Tips for Separating Your Metals When Bringing Them To The Recycling Center

The rise in co-mingled recycling facilities and drop-off points has made recycling very easy for people, but for anyone hoping to recycle metal (and hopefully sell it for some cash), a pile of random metal pieces just won't do. Metal recycling still requires you to separate the different types of metal, which can be difficult to do for those trying to make money off the process for the first time. However, it's the only way to effectively trade in metal because of differences in prices and the risk of contamination.

Different Prices for Different Metals

When you recycle metal, you don't just bring in a heap of metal and get a certain price per ounce or pound. Each type of metal has a different price, and these can sometimes vary wildly depending on demand. Copper, for example, tends to command a higher price than plain old steel. If you don't separate the metals, the recycling place does, and they typically don't have enough time to separate them out while still maintaining efficient customer flow. In other words, it would just take too long, and they wouldn't be able to buy as much metal back each day as they could otherwise because they'd be spending so much time sorting piles.
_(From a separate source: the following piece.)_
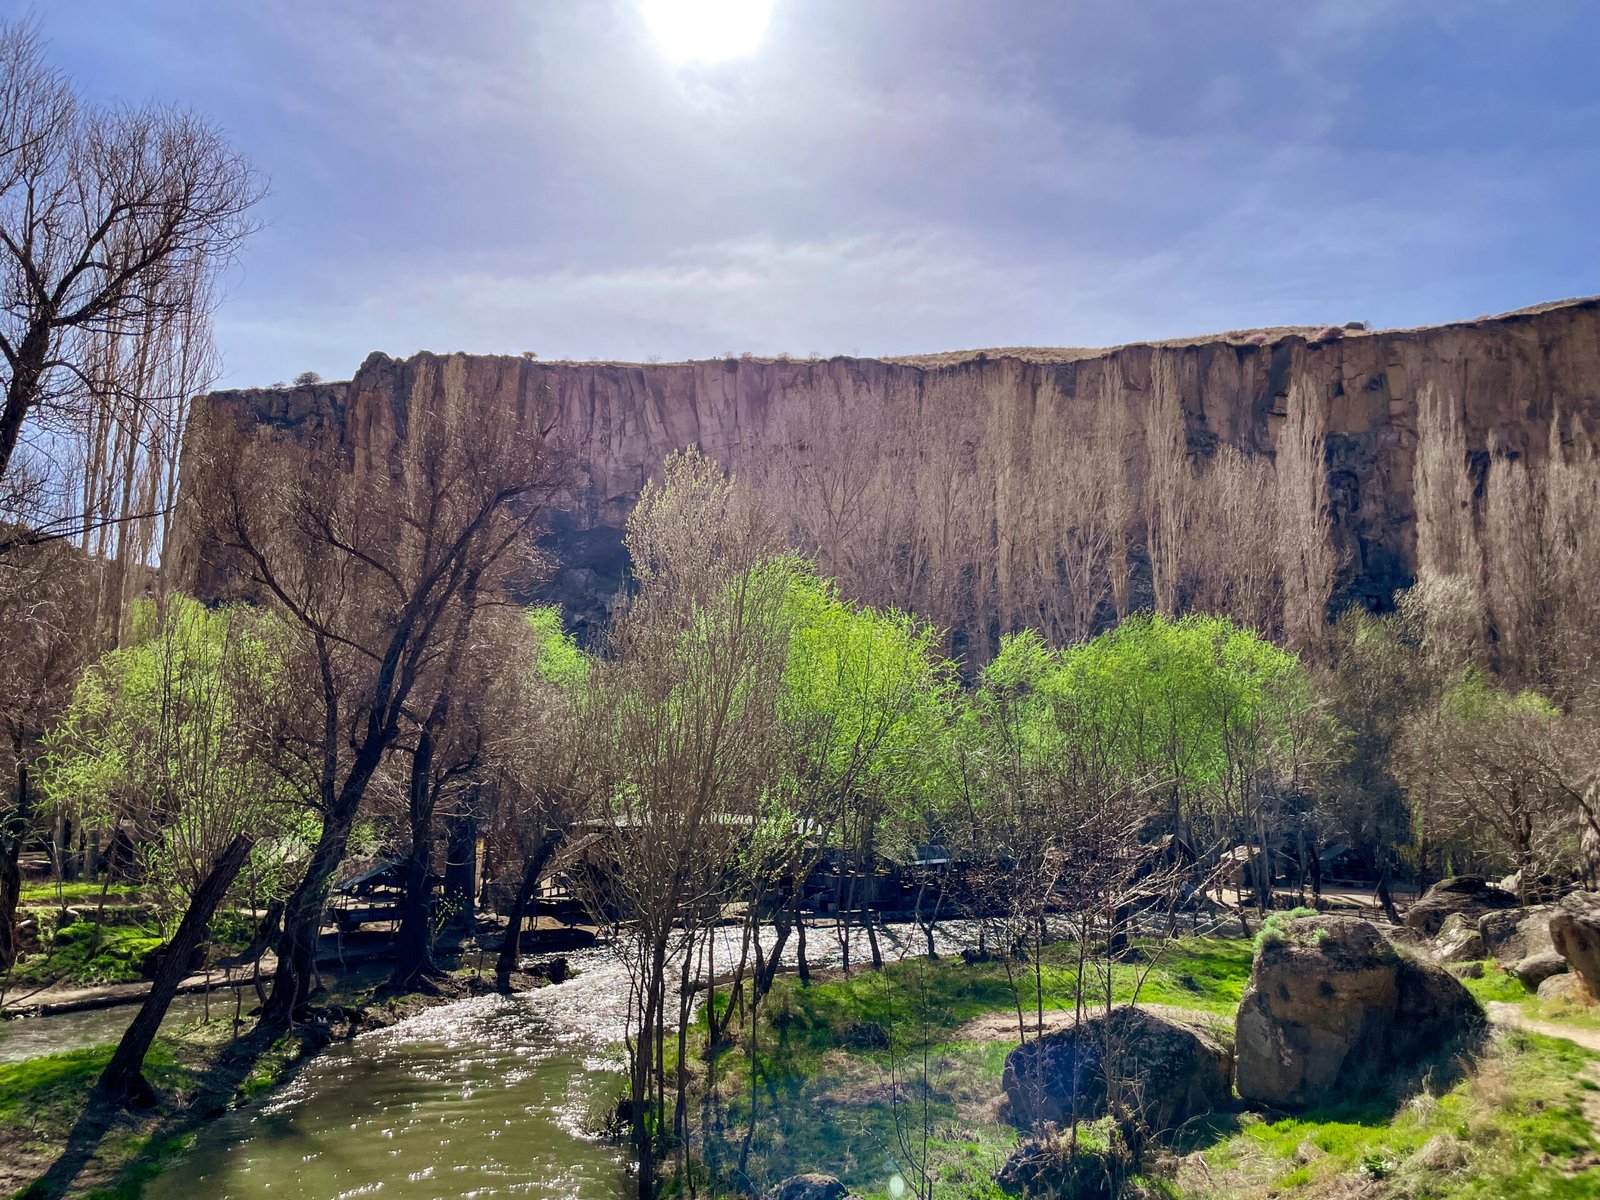 Ihlara valley guide - cappadociatouristinformation

Some scrap yards may have services for separating out piles of metal, but you'll pay for those, and that price can make the money you get back from the yard shrink substantially. If you're totally new at this and are unsure of what metals you have — and you have a lot of metal — then it could be worth it to have the yard separate the pile if they are willing to do so. Otherwise, it's better to study up on how to distinguish one metal from another and do the separation yourself. That will also help you should you find yourself at a yard that doesn't offer a sorting service.

Unknown Metals

When you separate out metals, don't be surprised if you have some that you can't identify totally. Do what you can; see if the metal is ferrous (if it contains iron and thus attracts magnets), and try to sort the metals as far as you can by color or sheen. But keep the unknown metal in separate piles and don't toss it in with known metals just because it looks similar. Remember, steel and stainless steel look similar, but they are often priced differently at recycling yards. The same goes for stainless steel and carbon steel.

Metal recycling is good for the Earth, good for you, and good for anyone who will end up using the recycled metal. Before you take the metal to a scrap yard, call to double check about prices, the availability of sorting services, and any other yard-specific policies that you'll need to successfully recycle metal at that yard.